Start of Recorded information
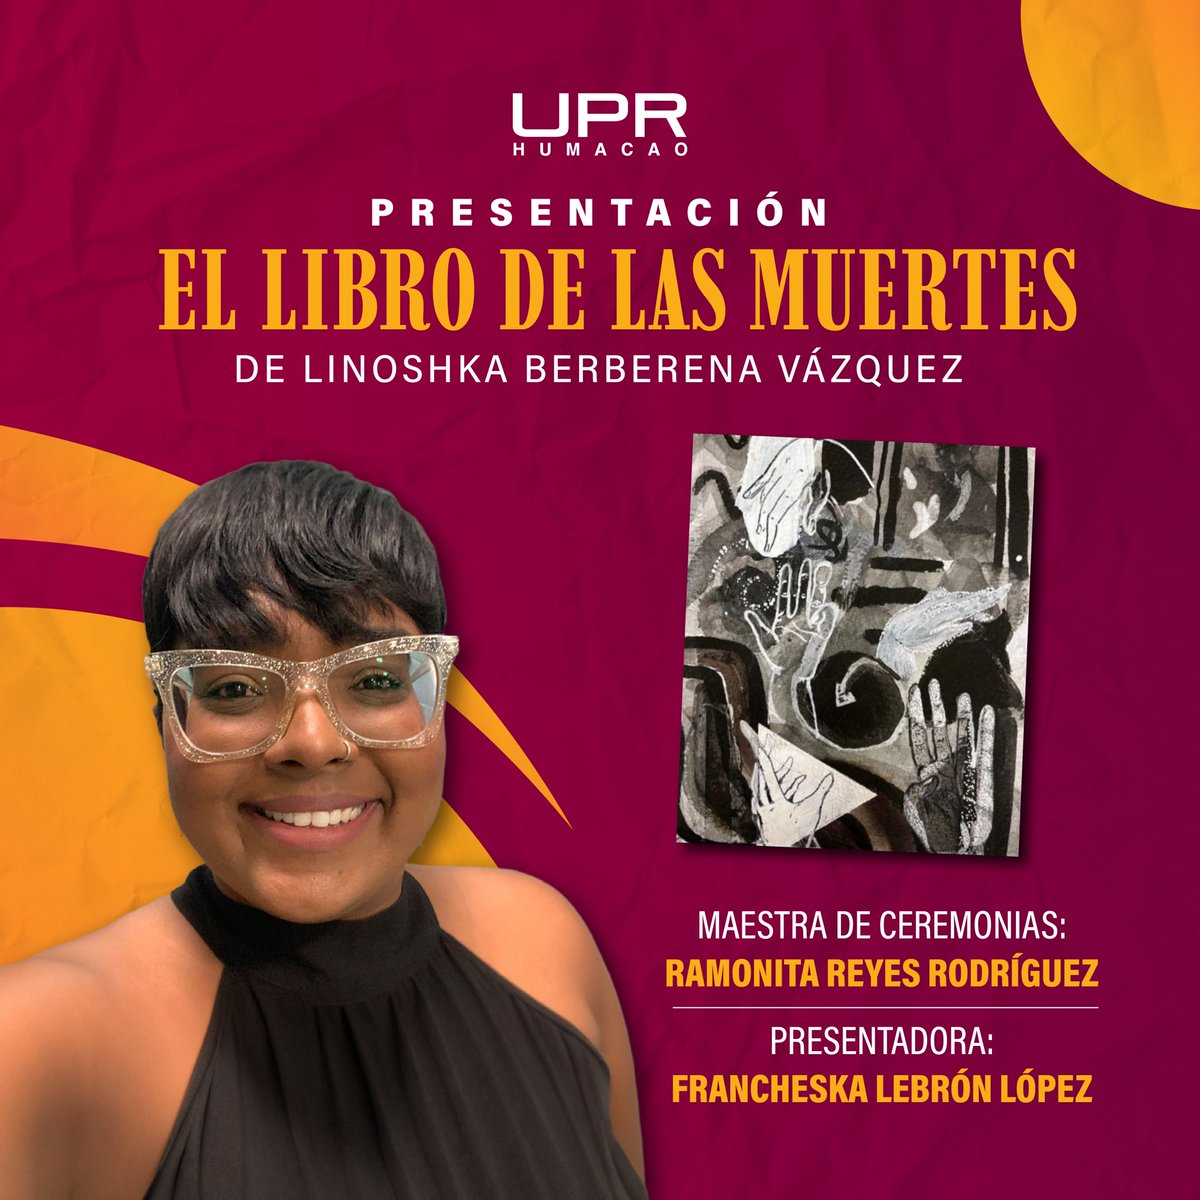 #OrgulloUPRH | Reconocemos a Linoshka Berberena, egresada de UPRH, por la presentación de su 1er poemario El Libro de las Muertes. La profesora participó en la antología Vuelos del Vértigo, la cual fue galardonada con mención honorífica por el PenClub de PR 2020.

¡Enhorabuena!
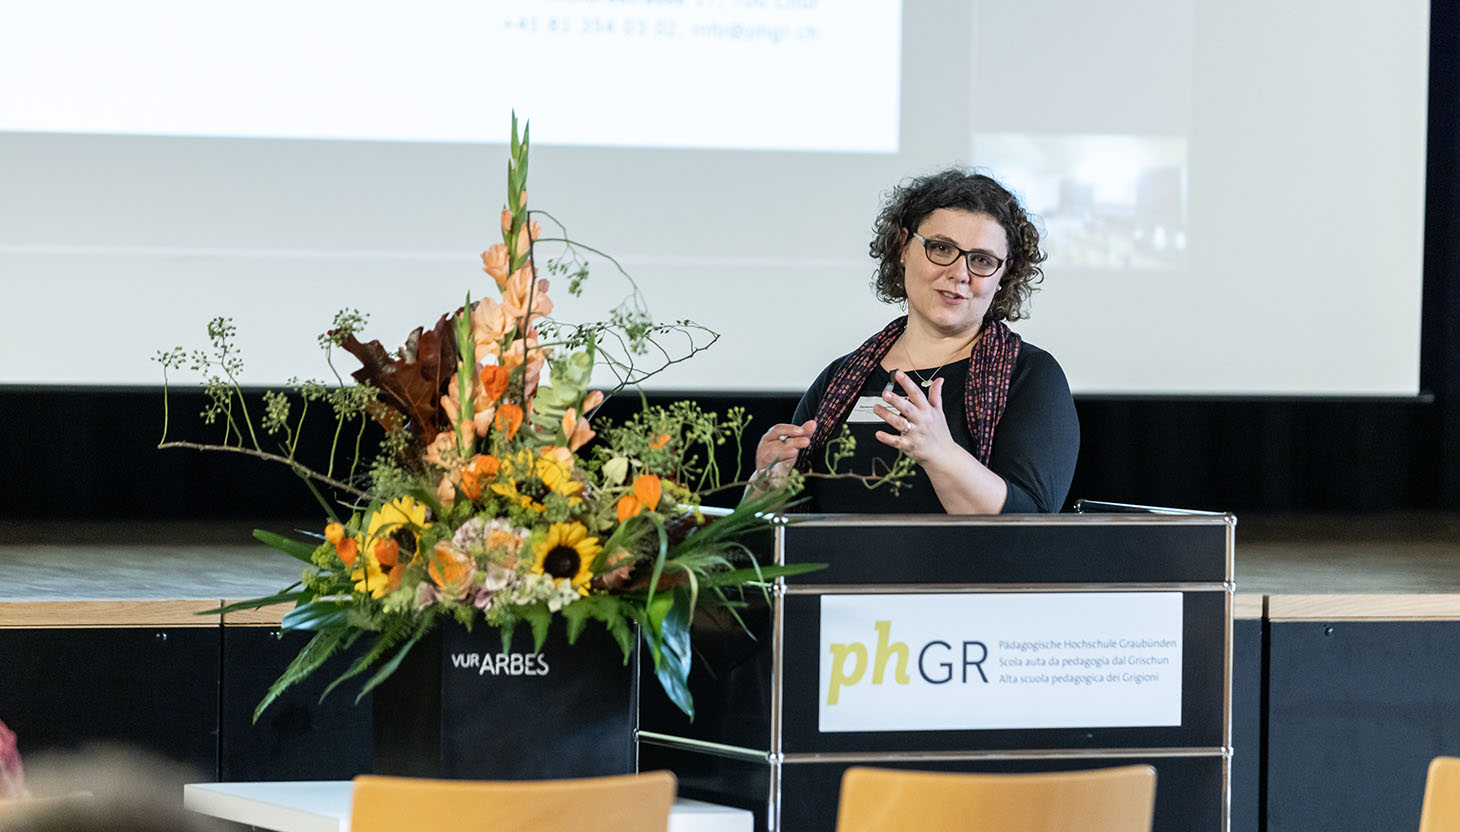 Ha discurrì da las Grischunas e dals Grischuns bi-dialectals: Dr. Susanne Oberholzer, manadra da la dieta e collavuratura scientifica da la SAP dal Grischun.
End of Recorded information
## Work item
What you hand back should match the listing exactly, except that no pictures appear.

## Exercise result
 #OrgulloUPRH | Reconocemos a Linoshka Berberena, egresada de UPRH, por la presentación de su 1er poemario El Libro de las Muertes. La profesora participó en la antología Vuelos del Vértigo, la cual fue galardonada con mención honorífica por el PenClub de PR 2020.

¡Enhorabuena!
 Ha discurrì da las Grischunas e dals Grischuns bi-dialectals: Dr. Susanne Oberholzer, manadra da la dieta e collavuratura scientifica da la SAP dal Grischun.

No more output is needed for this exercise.